======== Data provided ========
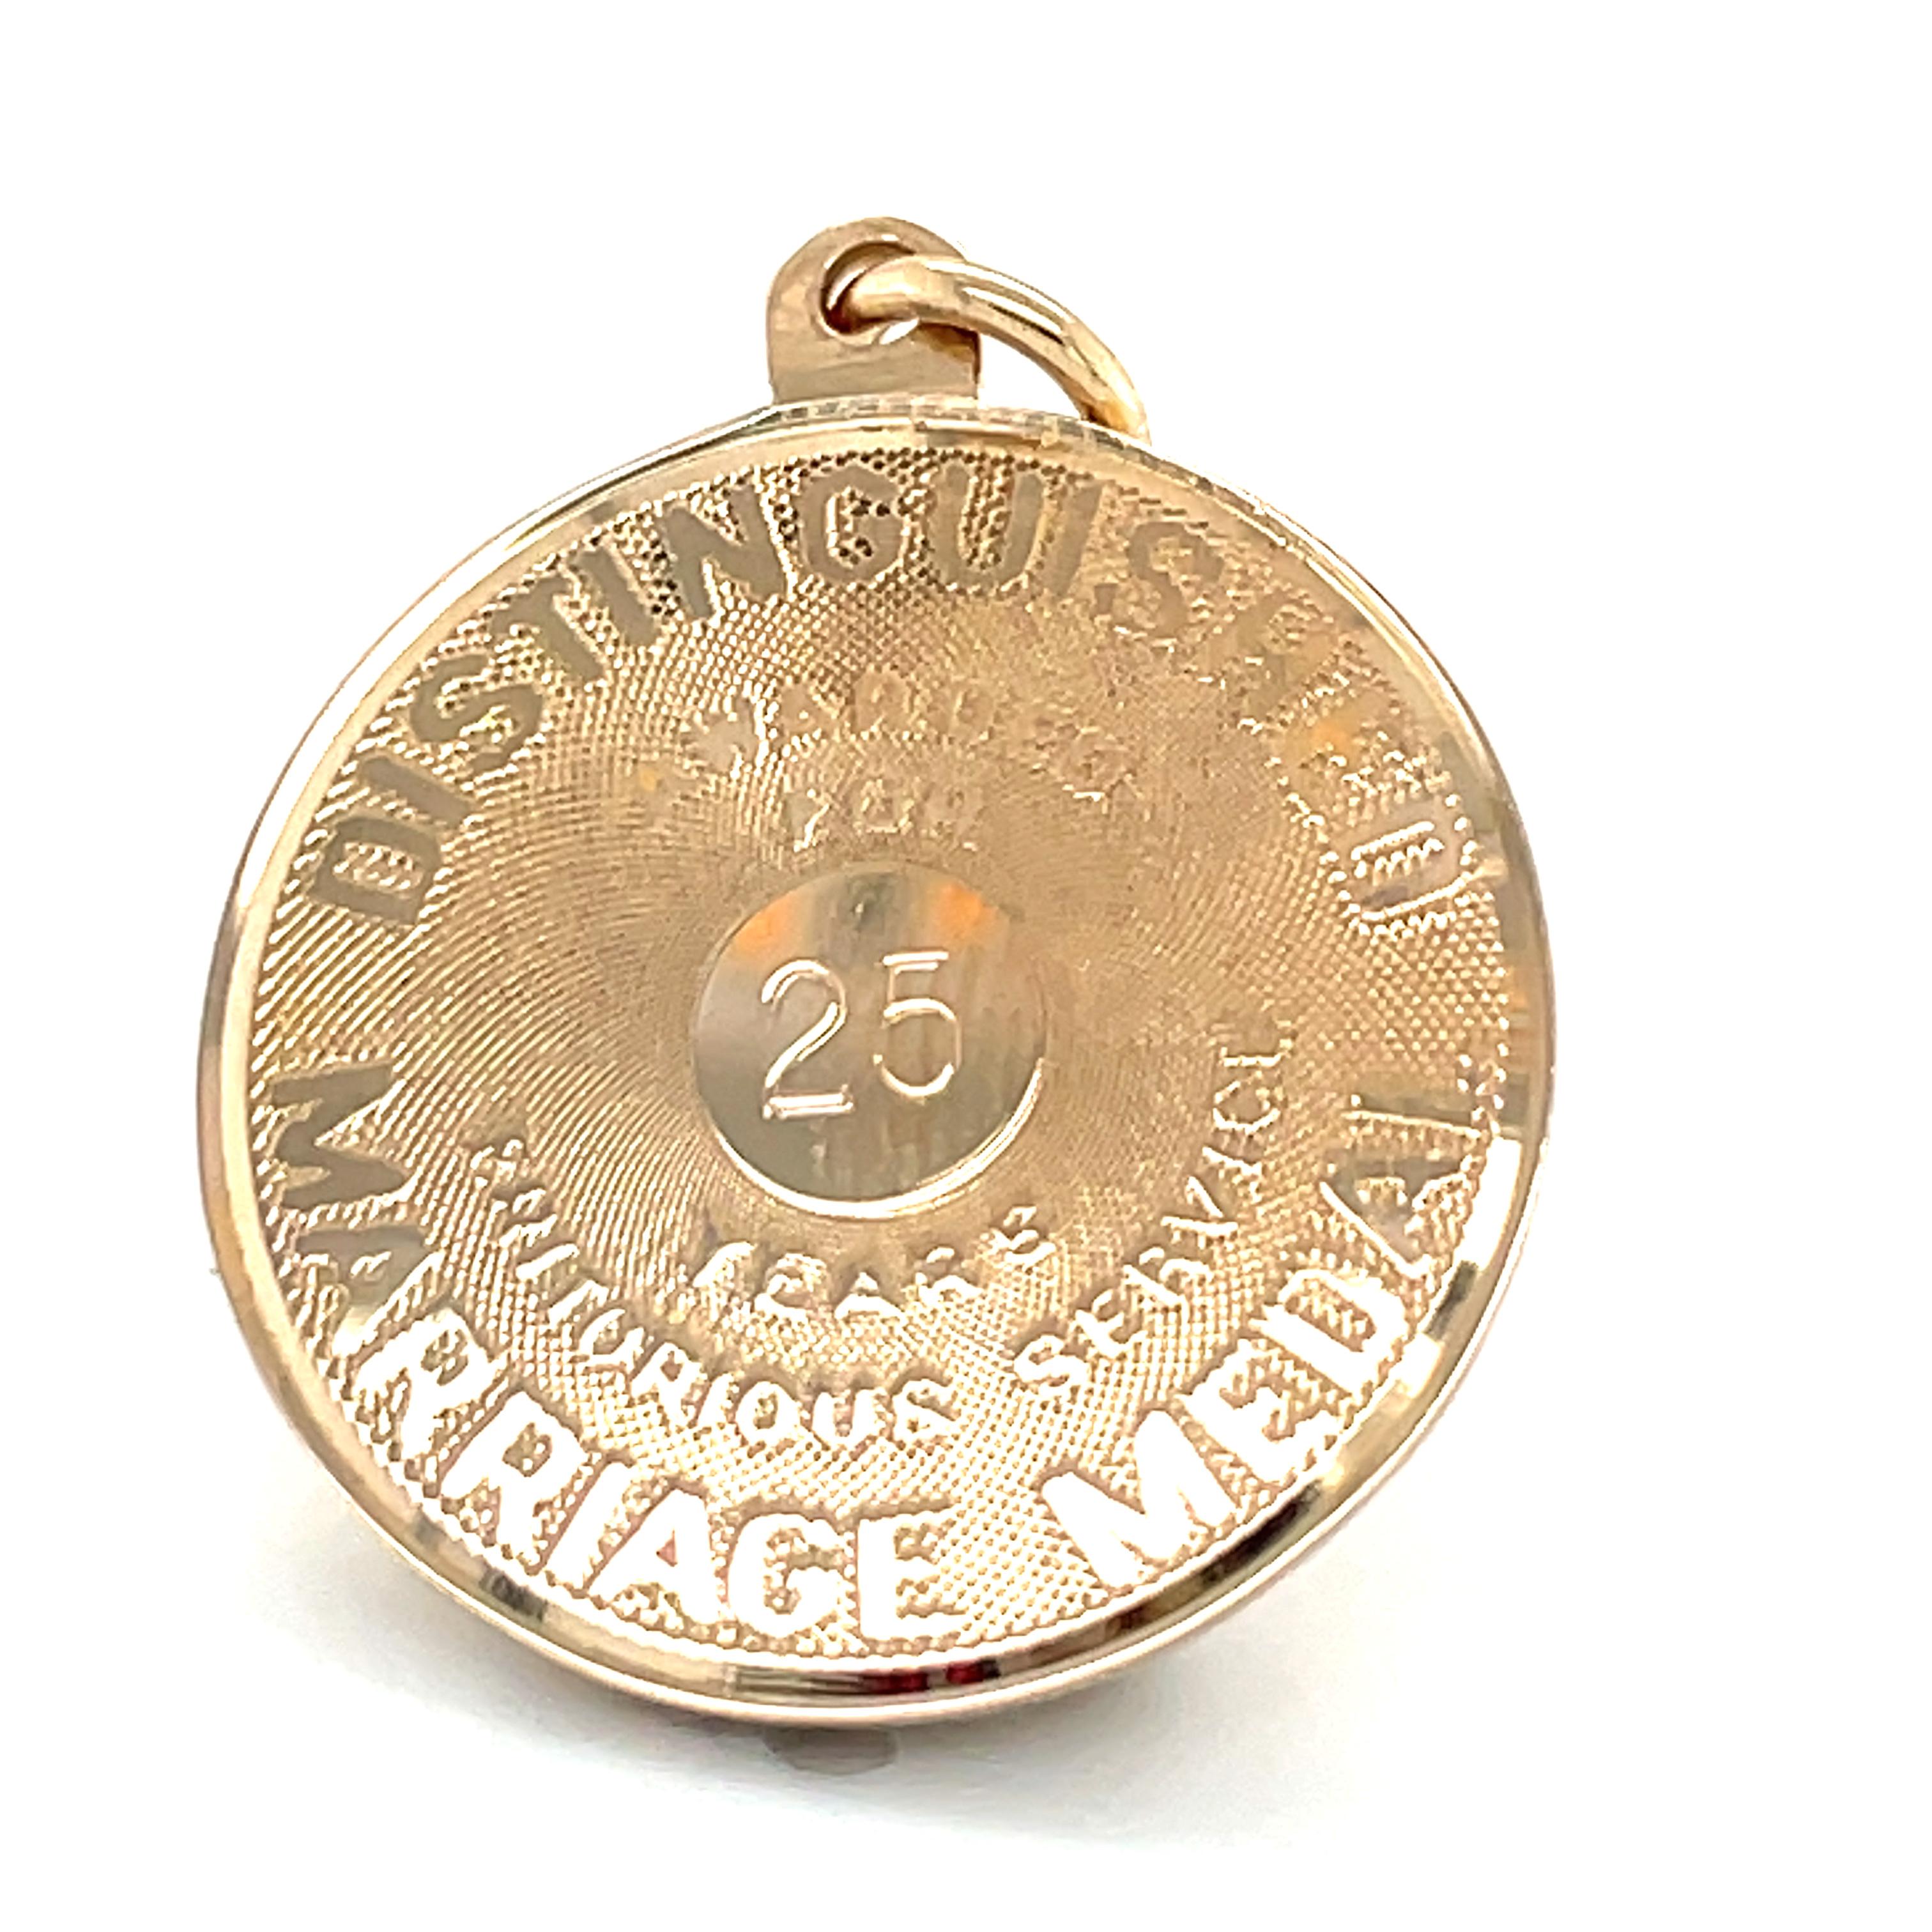 Amusing charm:  a round gold disc with applied letters:  
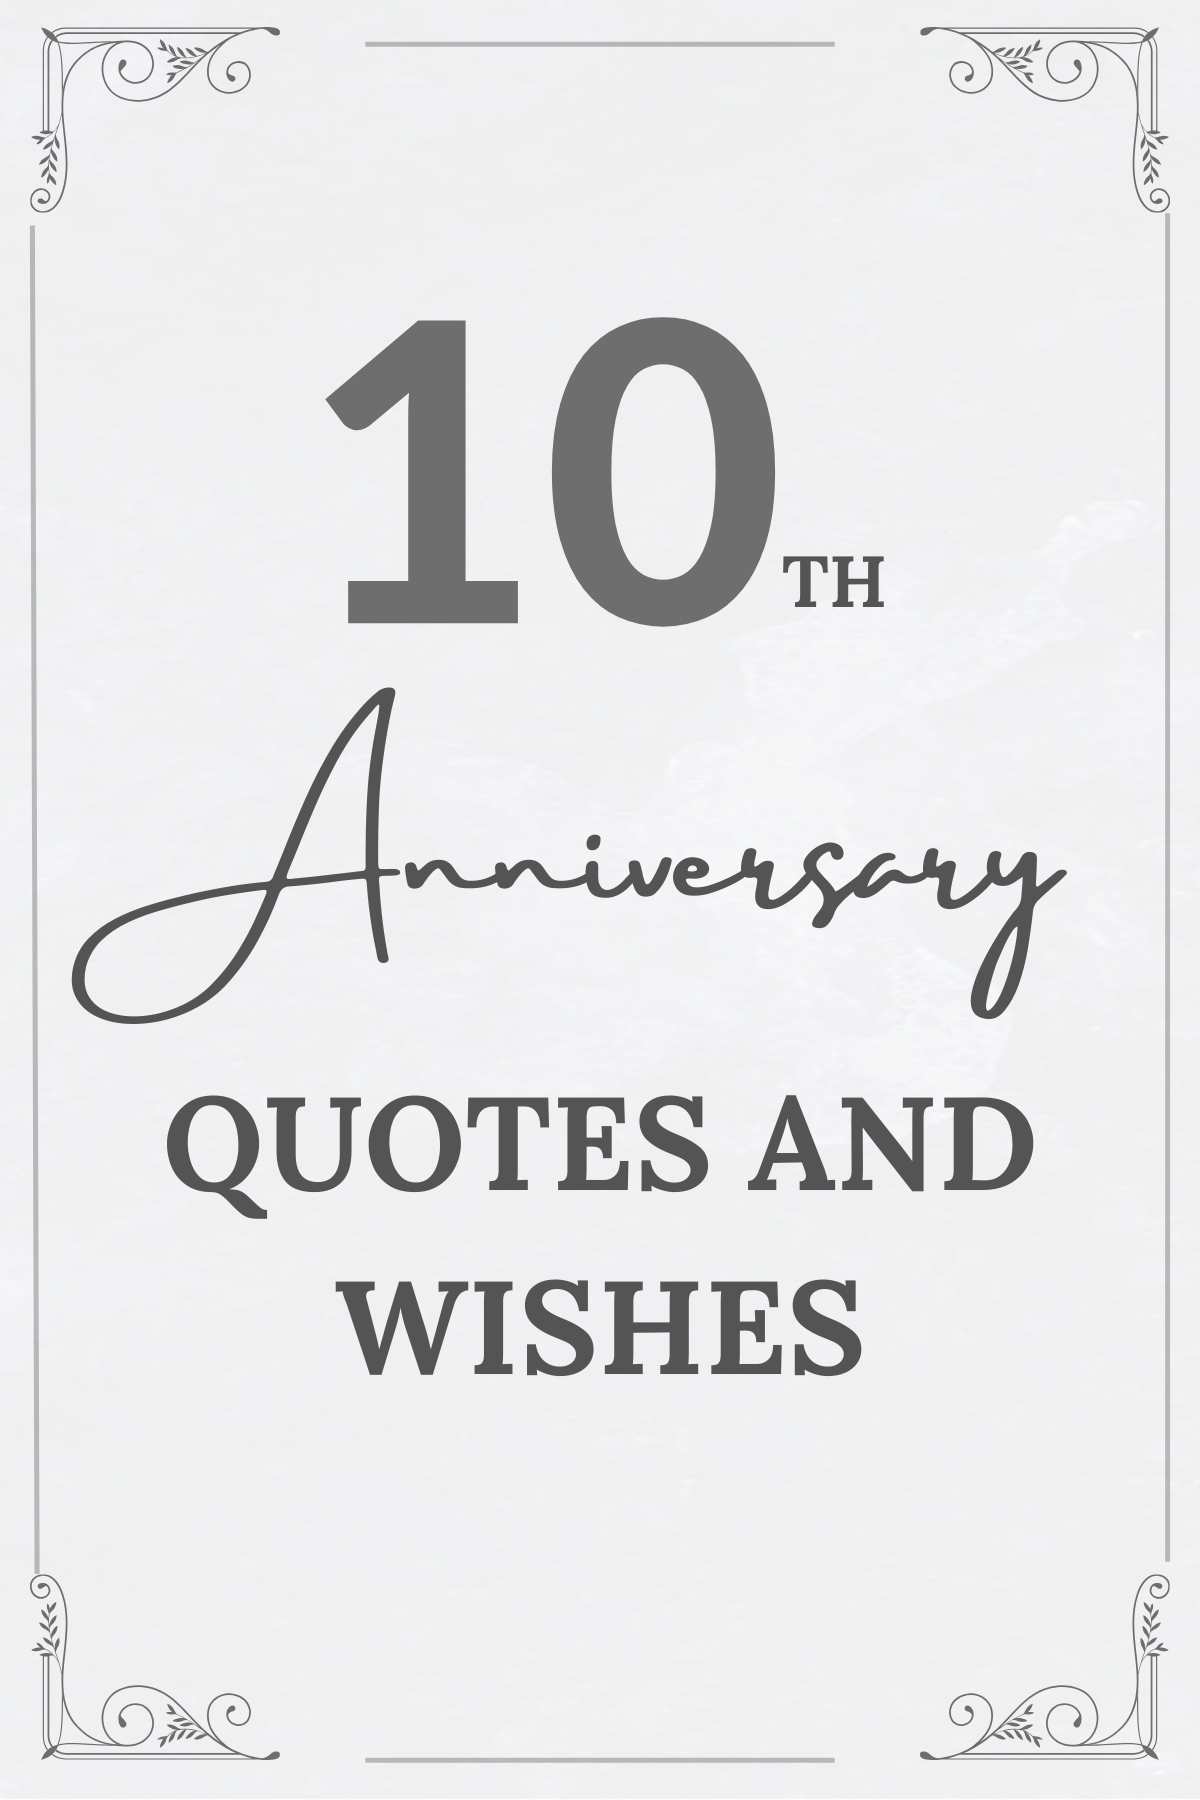 10th anniversary quotes and wishes
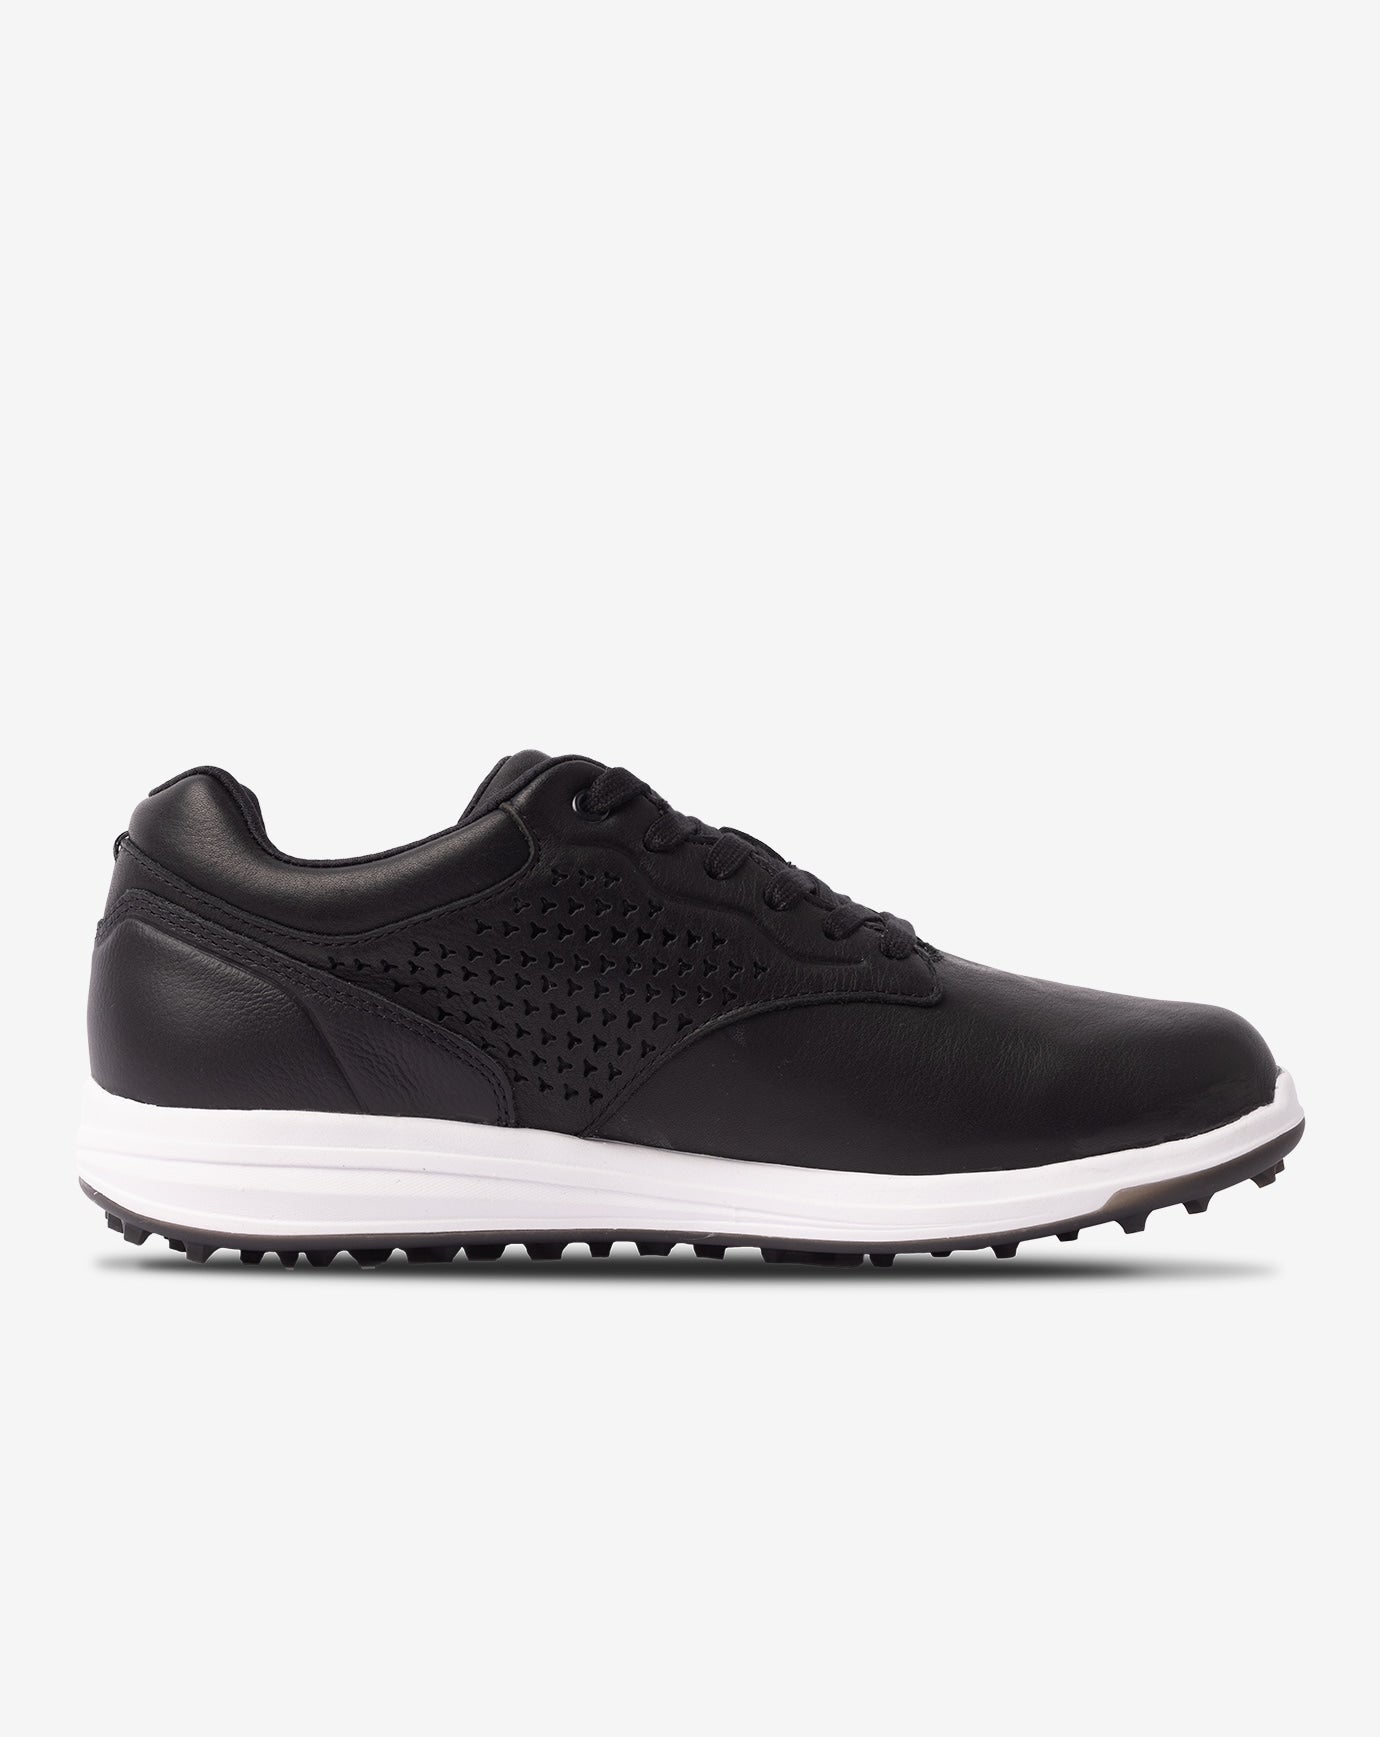 Cuater THE MONEYMAKER LUXE Golf Shoes - Black
========
- _Task details_
Nothing but the pictures should be left out when the listing is repeated exactly.

- _Output of the exercise_
 Amusing charm:  a round gold disc with applied letters:  
 10th anniversary quotes and wishes
 Cuater THE MONEYMAKER LUXE Golf Shoes - Black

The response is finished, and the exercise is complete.